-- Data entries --
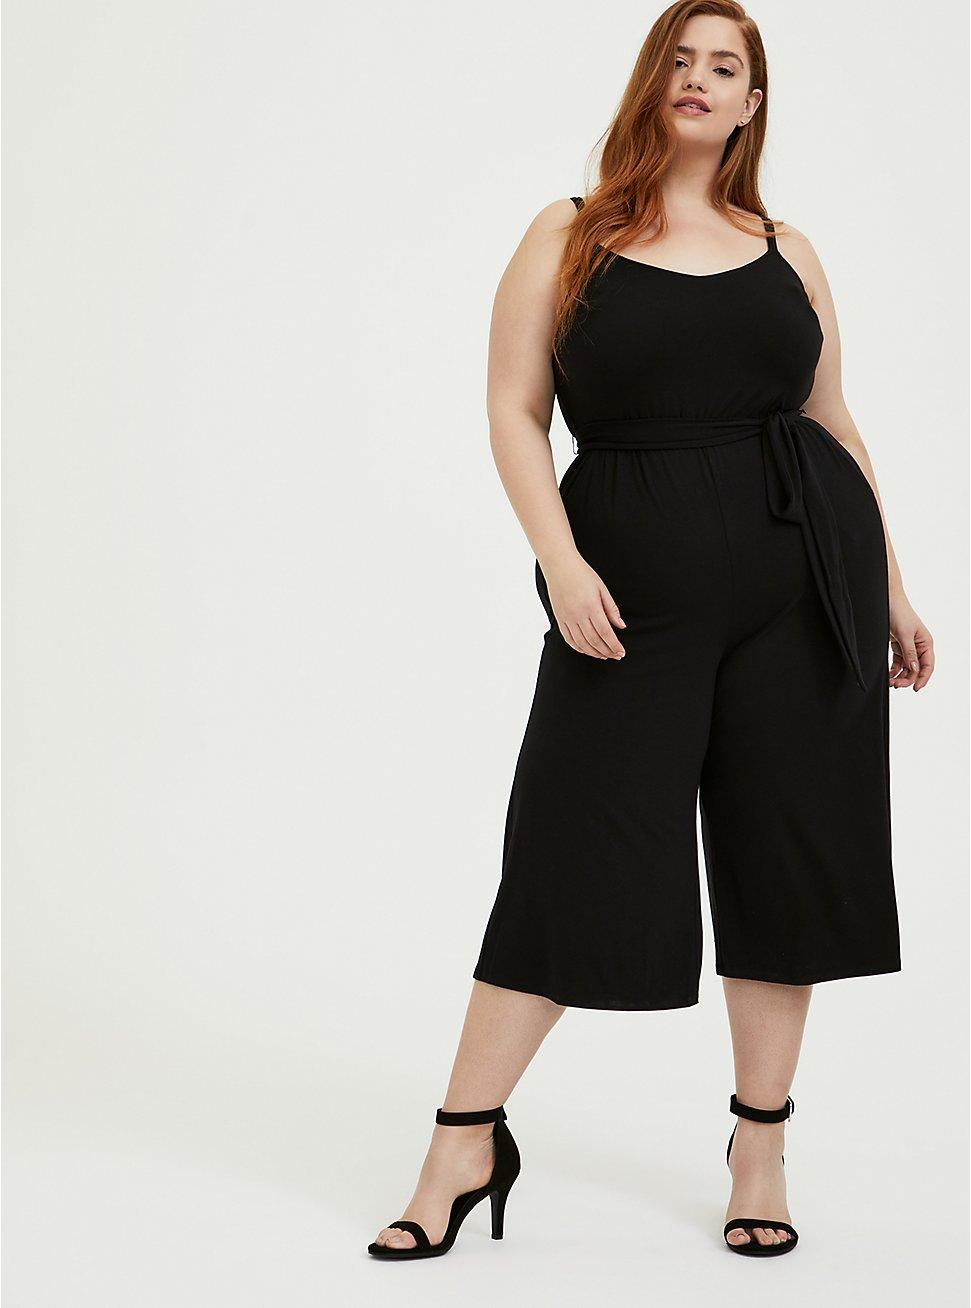 Super Soft Black  Self Tie Culotte Jumpsuit, DEEP BLACK, hi-res
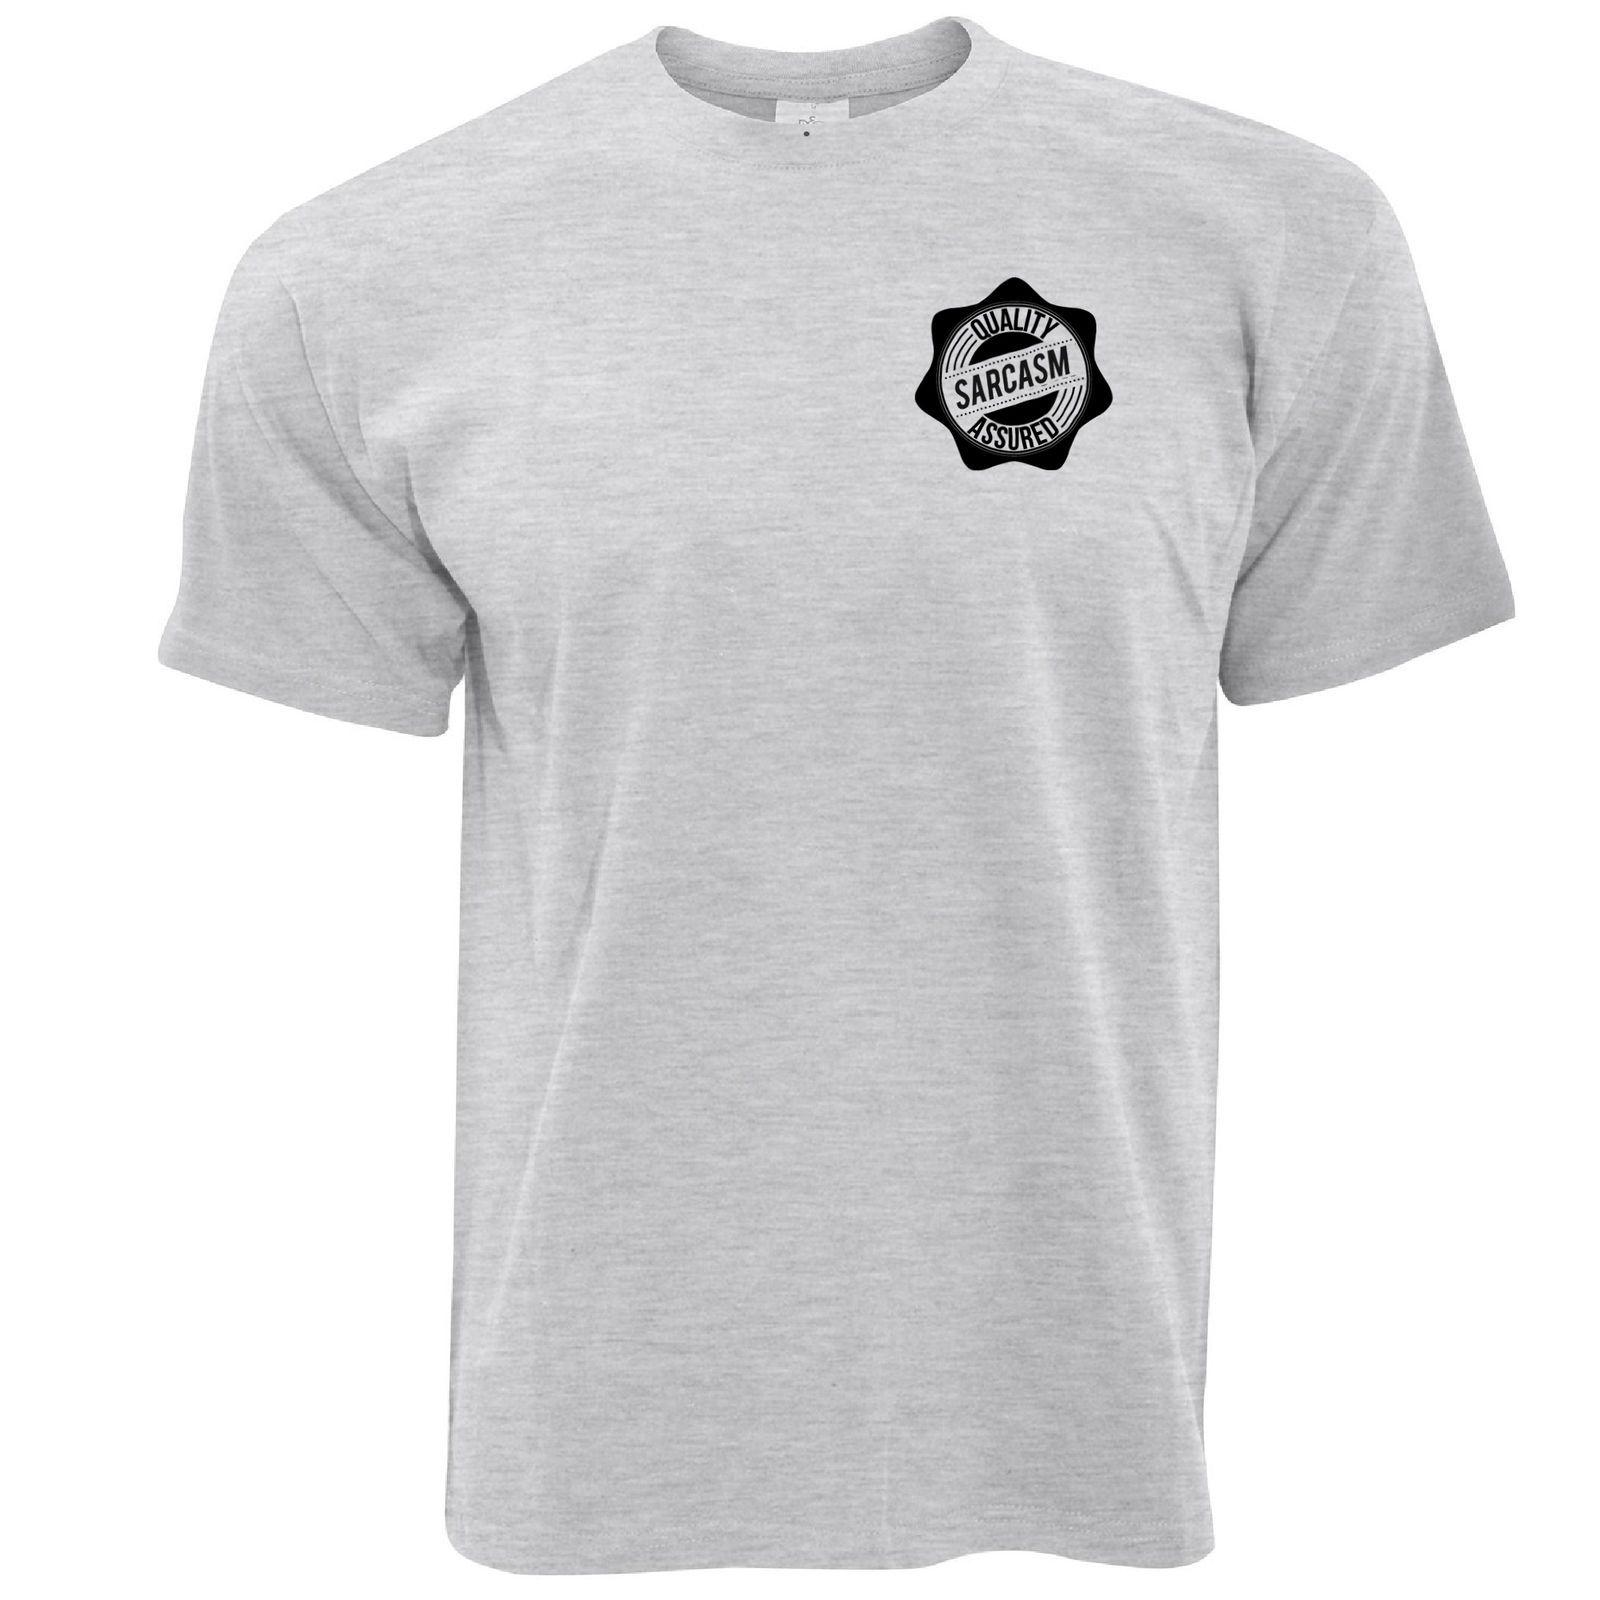 c2ac0758 Novelty Logo T Shirt Quality Sarcasm Assured Stamp Rude Joke Slogan 100%  Cotton Casual Printing Short Sleeve Men T Shirt O Neck Funky T Shirts For  Women T ...
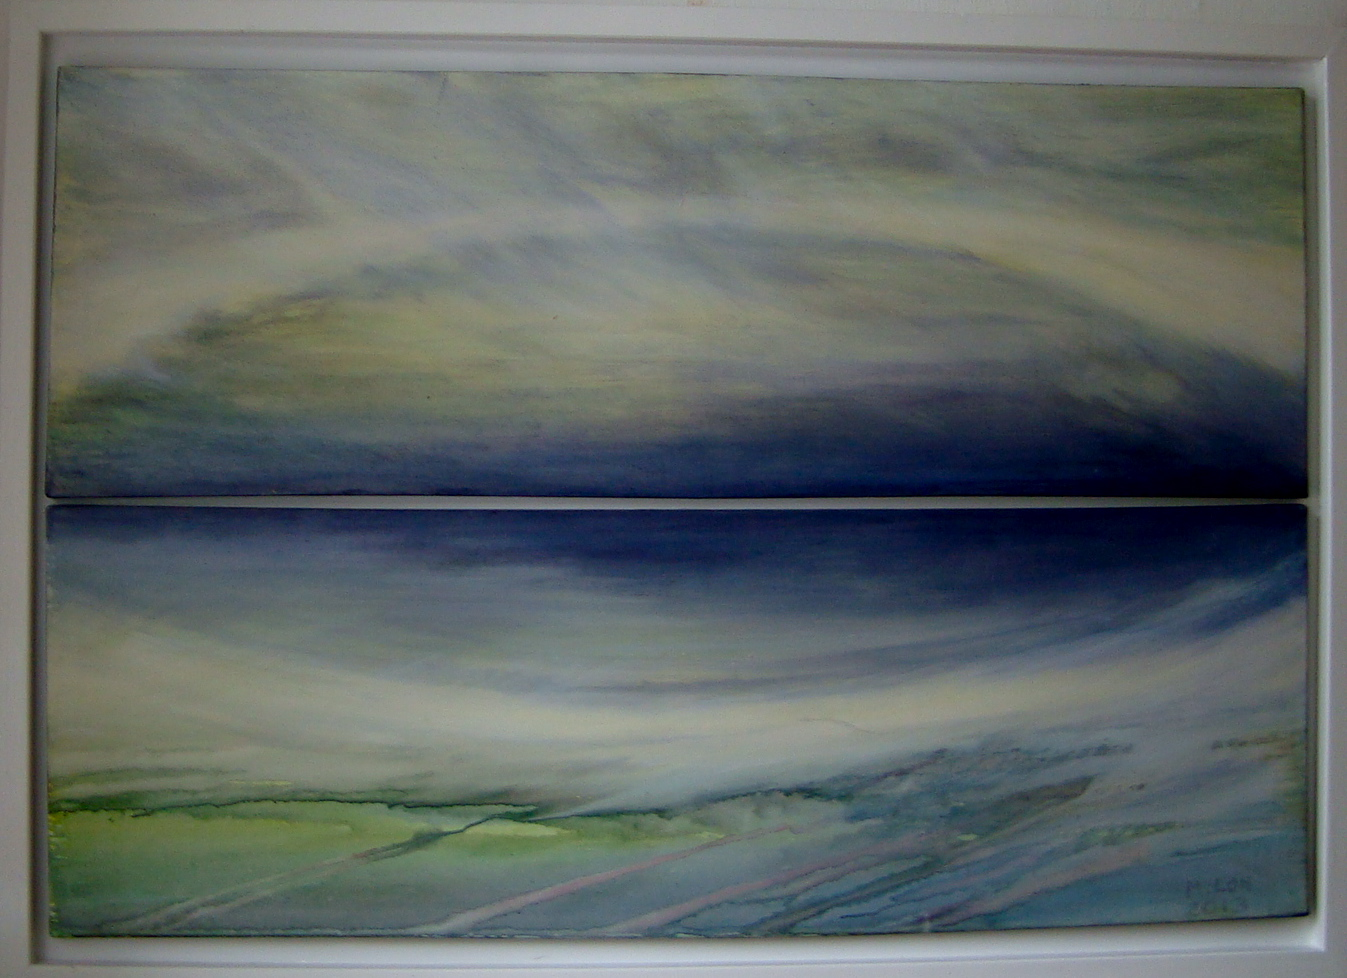 Spiegelung, 2013, Acryl auf Leinwand, 130 x 90 cm
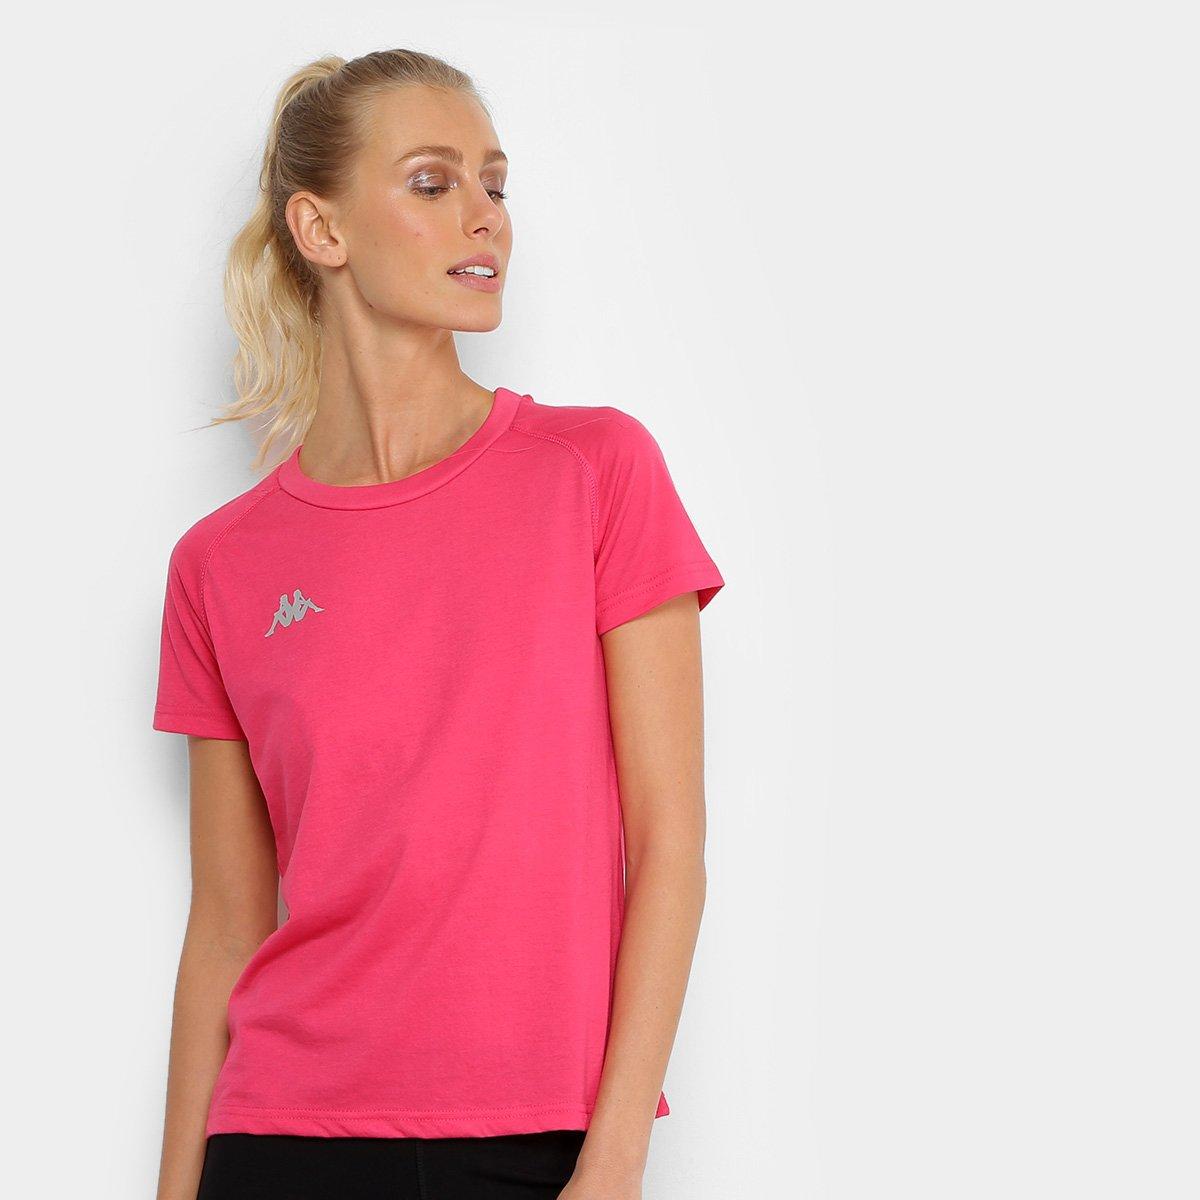 Kappa e Feminina Preto Verona Rosa Camiseta Verona Camiseta Kappa zwgqStx
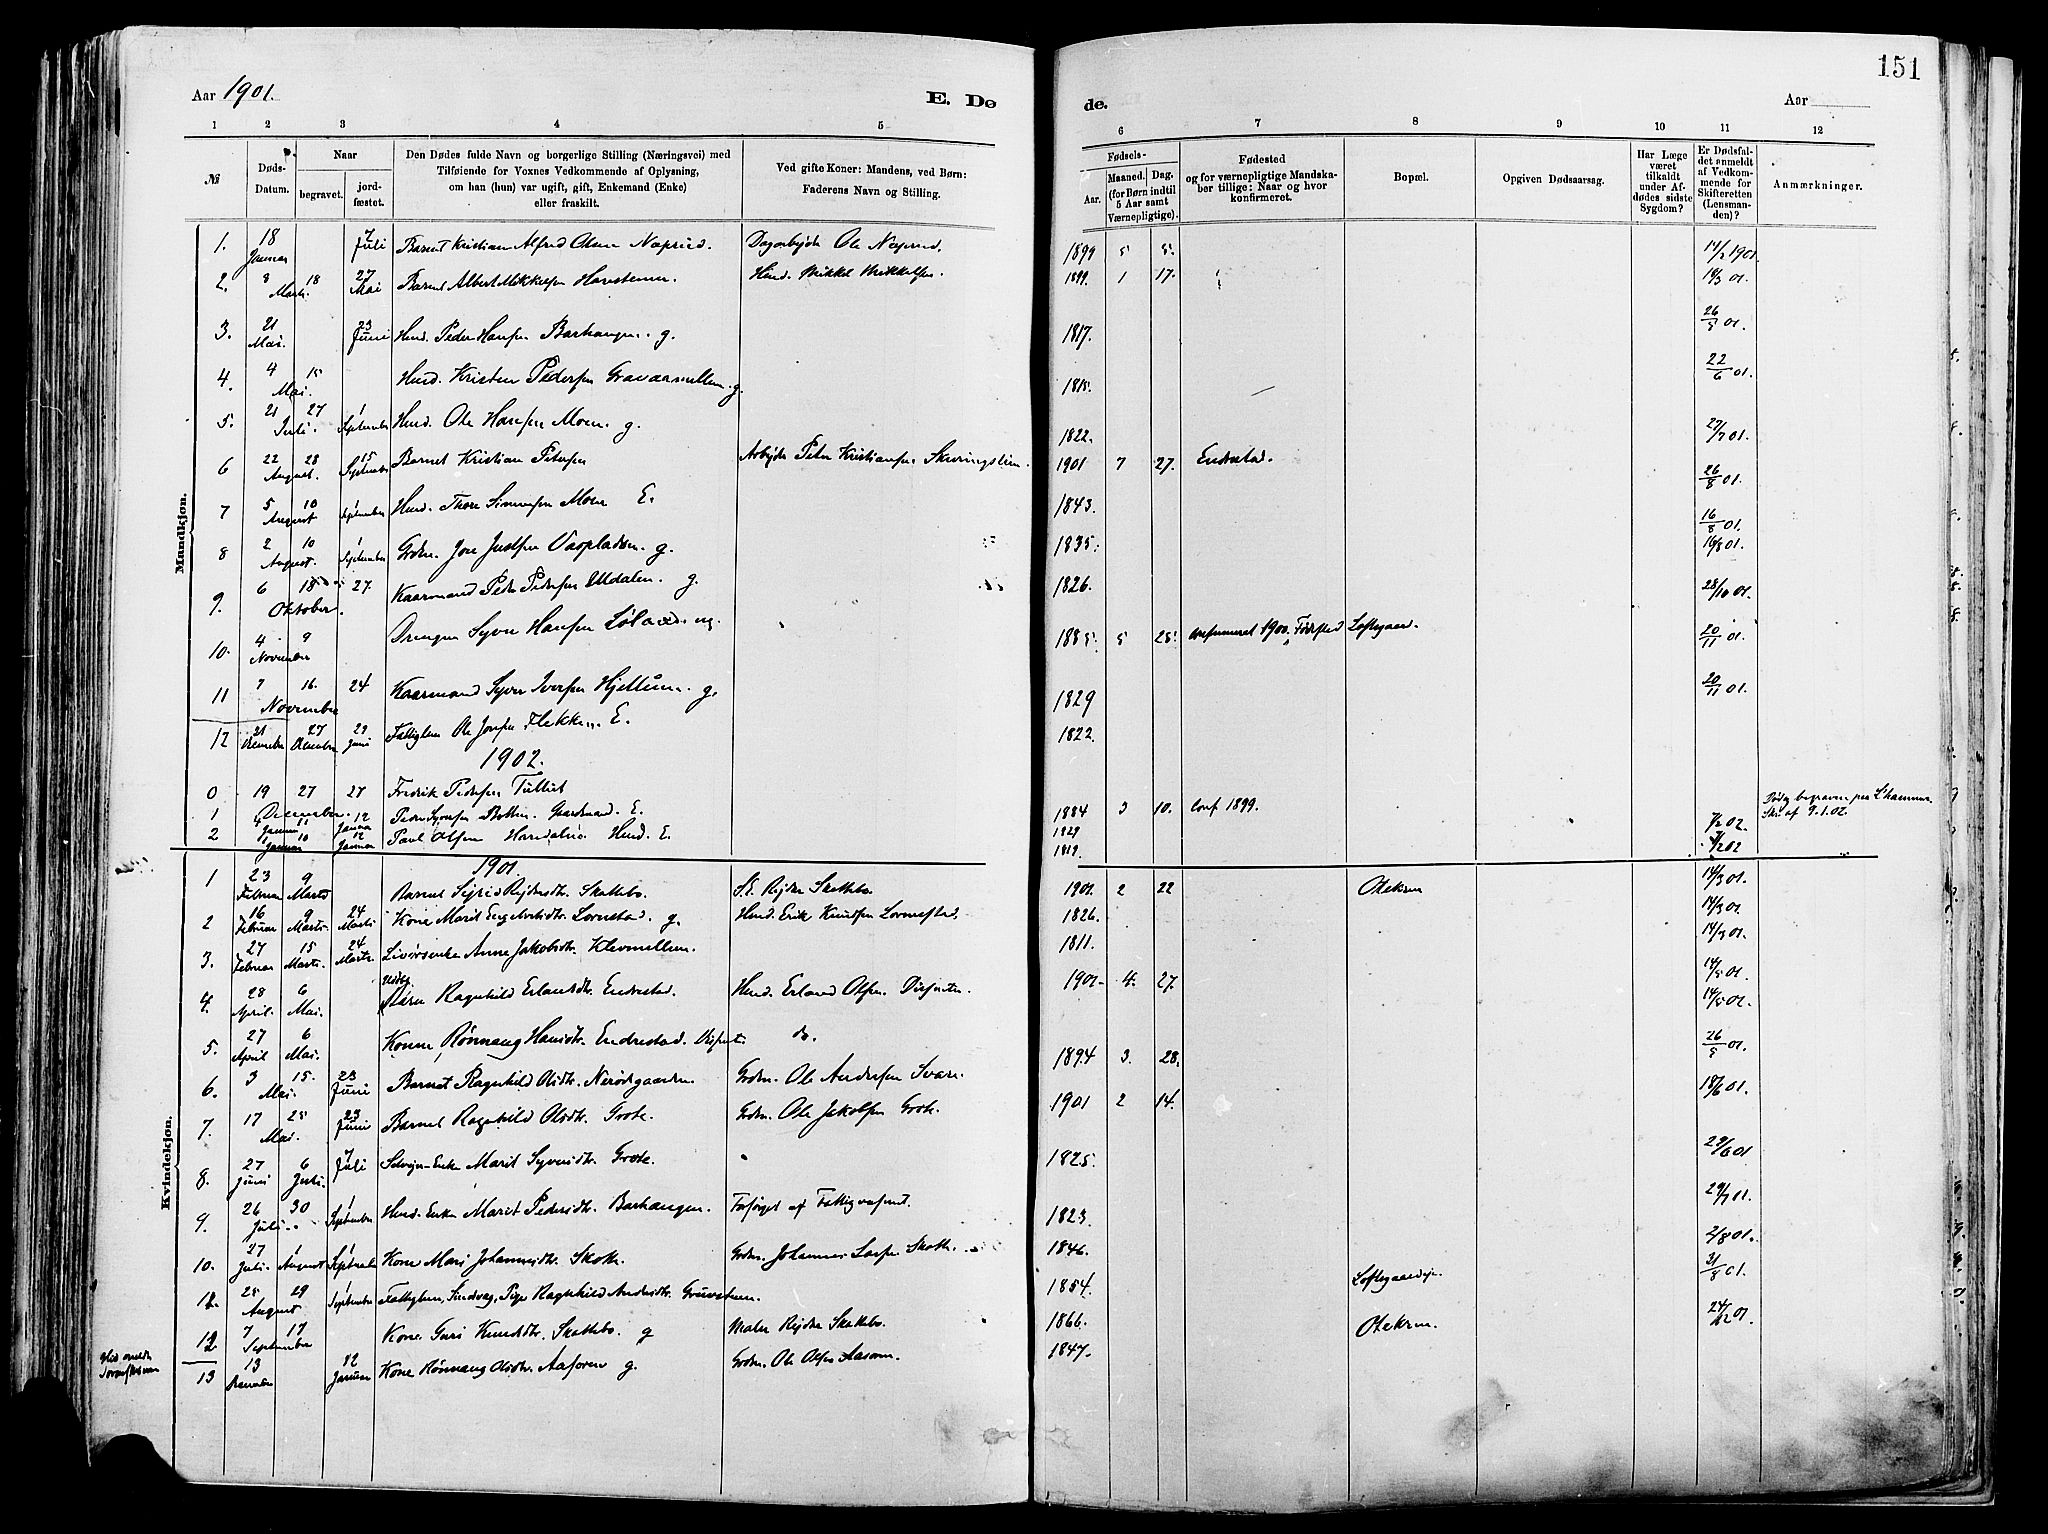 SAH, Vågå prestekontor, Ministerialbok nr. 8, 1886-1904, s. 151

-- WORK TASK --
Please reproduce the records above exactly, omitting every picture.

-- TASK SOLUTION --
 Super Soft Black  Self Tie Culotte Jumpsuit, DEEP BLACK, hi-res
 c2ac0758 Novelty Logo T Shirt Quality Sarcasm Assured Stamp Rude Joke Slogan 100%  Cotton Casual Printing Short Sleeve Men T Shirt O Neck Funky T Shirts For  Women T ...
 Spiegelung, 2013, Acryl auf Leinwand, 130 x 90 cm
 Kappa e Feminina Preto Verona Rosa Camiseta Verona Camiseta Kappa zwgqStx
 SAH, Vågå prestekontor, Ministerialbok nr. 8, 1886-1904, s. 151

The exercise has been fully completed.